①
6月1日。
ー午前10時13分。
「おはよー!」
まるで我が家の如くこの事務所に入り浸っている彩花は、やって来るなり事務所のソファを我が物顔で占領し始めた。
いつものことである。
そして持参した数独をバサリとテーブル一面に広げると、
「うーん…。」
数秒後には唸る声が聞こえてくる。真剣に解いているのだろう。
唸り声を聞いた立花の口からくすっと笑い声が漏れる。
どうぞ、と笑顔で黒崎がコーヒーを置く。
鳴海は一切仕事の手を止めない。
彼女の一連の行動を咎めるものはいない。
鳴海探偵事務所は穏やかであった。
ー午前11時28分。
書類をめくる音、キーボードのタイピング音、カリカリと小気味良いボールペンの音、そしてソファから聞こえる唸り声だけの事務所に、
チリン…
とドアベルの音が響いた。
「すみません。鳴海探偵事務所はこちらで合っていますか。」
声の主はキョロキョロしながら遠慮がちに入り口のドアを開けた若い男性だった。
事務所の1番奥。
書類と本が山積みになったデスクから、ボールペンを動かす手を止めた鳴海がチラリと入口へ視線を向ける。
「…そうです。ご依頼ですか?」
「は、はい…。」
「では中央のテーブルへどうぞ。」
ぶっきらぼうな鳴海の声に依頼者であろう男性は萎縮した様子だ。無理もない。大抵の依頼者はこの態度に萎縮するか少し顔をしかめる。
声と顔は良いのに態度がイマイチなんだよなぁ、鳴海は。
彩花はそう思いながら2人のやり取りをちらちら見ていた。
鳴海が依頼者を中央の応接テーブルへ案内する。
その隙に彩花は散らかっていた数独を手際よくまとめ、空いた鳴海の席へするりと滑り込んだ。

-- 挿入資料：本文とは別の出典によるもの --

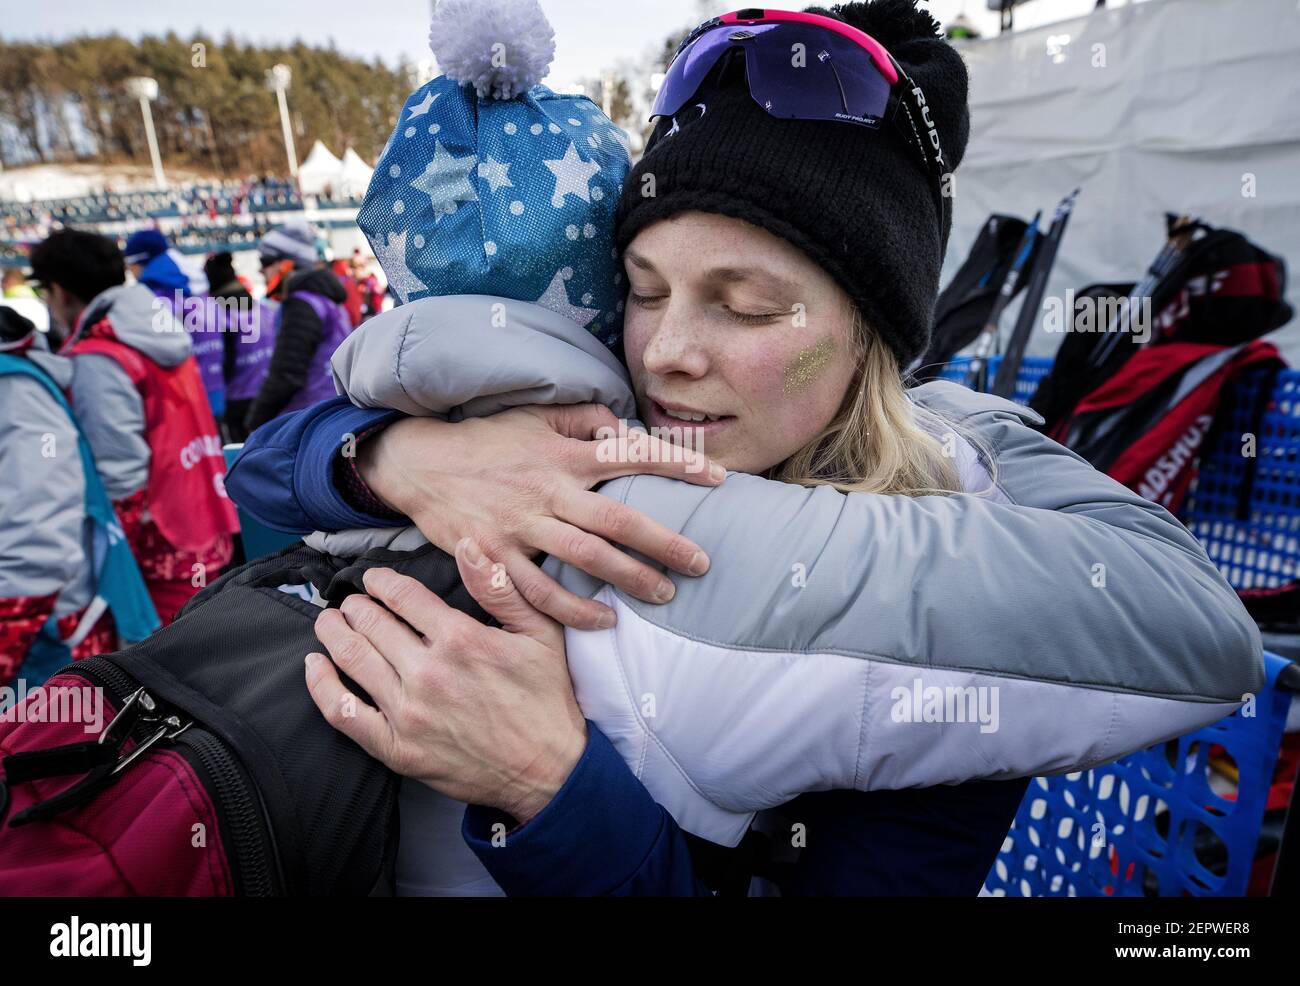 Jessie Diggins of Afton, Minn., right, gets a hug from her mother after finishing fifth in the women's 10km Cross Country freestyle final at Alpensia Cross-Country Centre on Thursday, February 15, 2018, at the Winter Olympics in Pyeongchang, South Korea. (Photo by Carlos Gonzalez/Minneapolis Star Tribune/TNS/Sipa USA) Stock Photo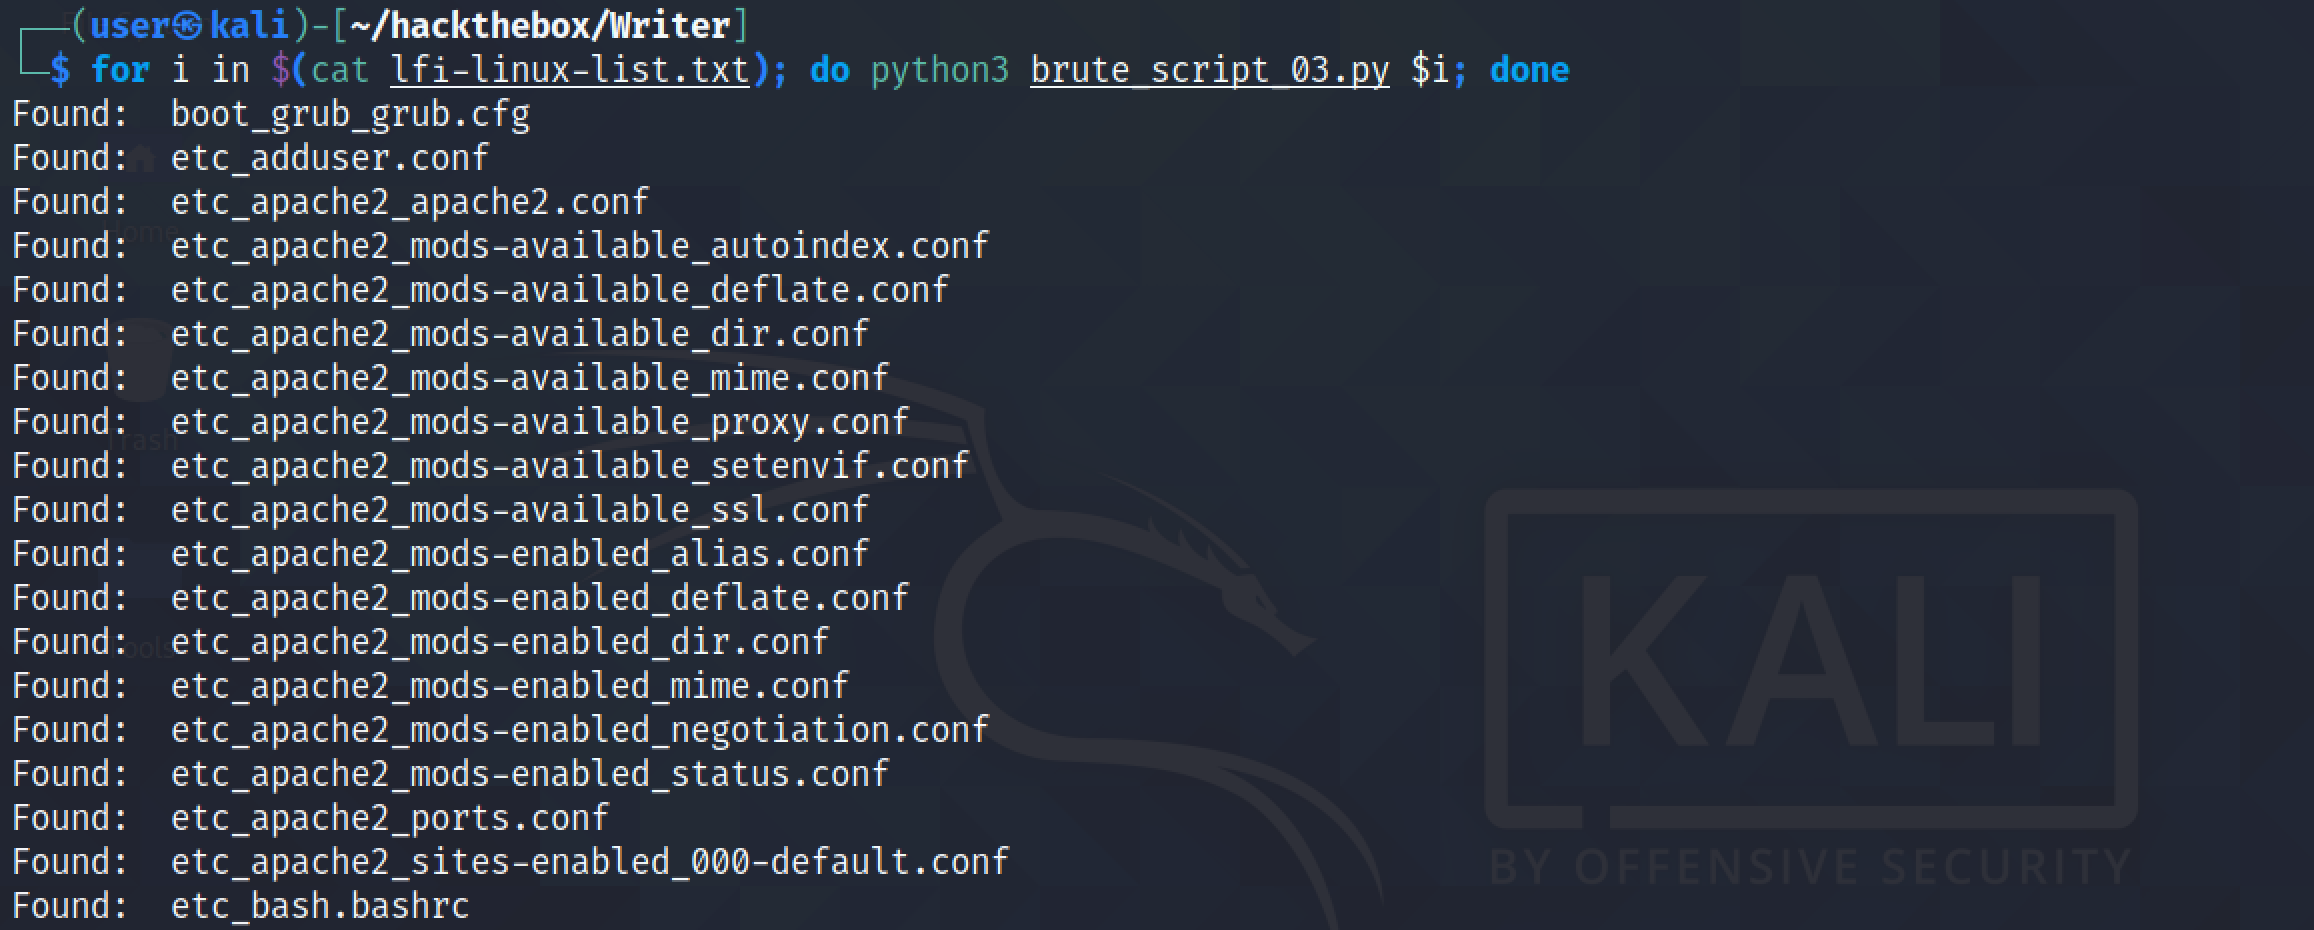 Running the brute force script to identify important files.

すれ違いざまに、ソファ温めておきやしたぜ!と小声で鳴海に言うのも忘れない。
眉間に皺を寄せた鳴海などお構いなしに、彩花はどっかりと椅子へ腰を下ろした。
依頼者の話を聞き逃す手はないのである。
ー午前11時30分。
「鳴海探偵事務所の鳴海修司です。本日のご用件は。」
「内山剛と申します。実は妻を…!」
一呼吸置いたと思った刹那カッと目を見開き、
「妻のことを調べて欲しいんです!このところ妻の様子がおかしいんです!」
依頼者の男性は先程までとはうってかわって、バンッ!とテーブルを叩きながら興奮した口調で鳴海に訴えかけた。
「妻は蘭子と言います。」
「とても綺麗で素敵でそれでいて愛嬌もありみんなから好かれるタイプかと思います!」
「出会いはまるで小説やドラマのようで…」
「夫婦仲はとても良いと思います!もちろん些細な事で喧嘩をすることもありました。ですが!」
先程から興奮した様子で話す内山の言葉を、立花が自席のパソコンでひとつひとつ端的に、そして必要な箇所だけを抜粋して内容をまとめていく。
そして最後に。
内山は小さく言った。
「浮気されているのかもしれません。」
今にも泣き出しそうな声だった。
結婚して2年。
本来なら幸せいっぱいな時期のはずだ。
良ければ…アイスコーヒーです、と黒崎が応接テーブルに2つグラスを置いた。
ありがとうございます、頂きますと内山丁寧に返す。一気に話しすぎて喉が乾いていたのか、一気にグラスの半分程飲み干していた。
ぱっと見、誠実そうないい夫にしか見えないんだけどなぁ。
と彩花は思う。もちろん勘だが。
「浮気の可能性があると考えるのは何故ですか。」
黙って話を聞いていた鳴海が聞く。
「真面目に誠実に、と生きてきました。妻と出会ってからはこの人を絶対幸せにしようと努力してきたつもりです…でも。」
「でも?」
「近所の人が…、妻と知らない男が一緒に歩く姿を見たと…。」
瞬間、彩花の口から思わずありゃあ〜と声が漏れた。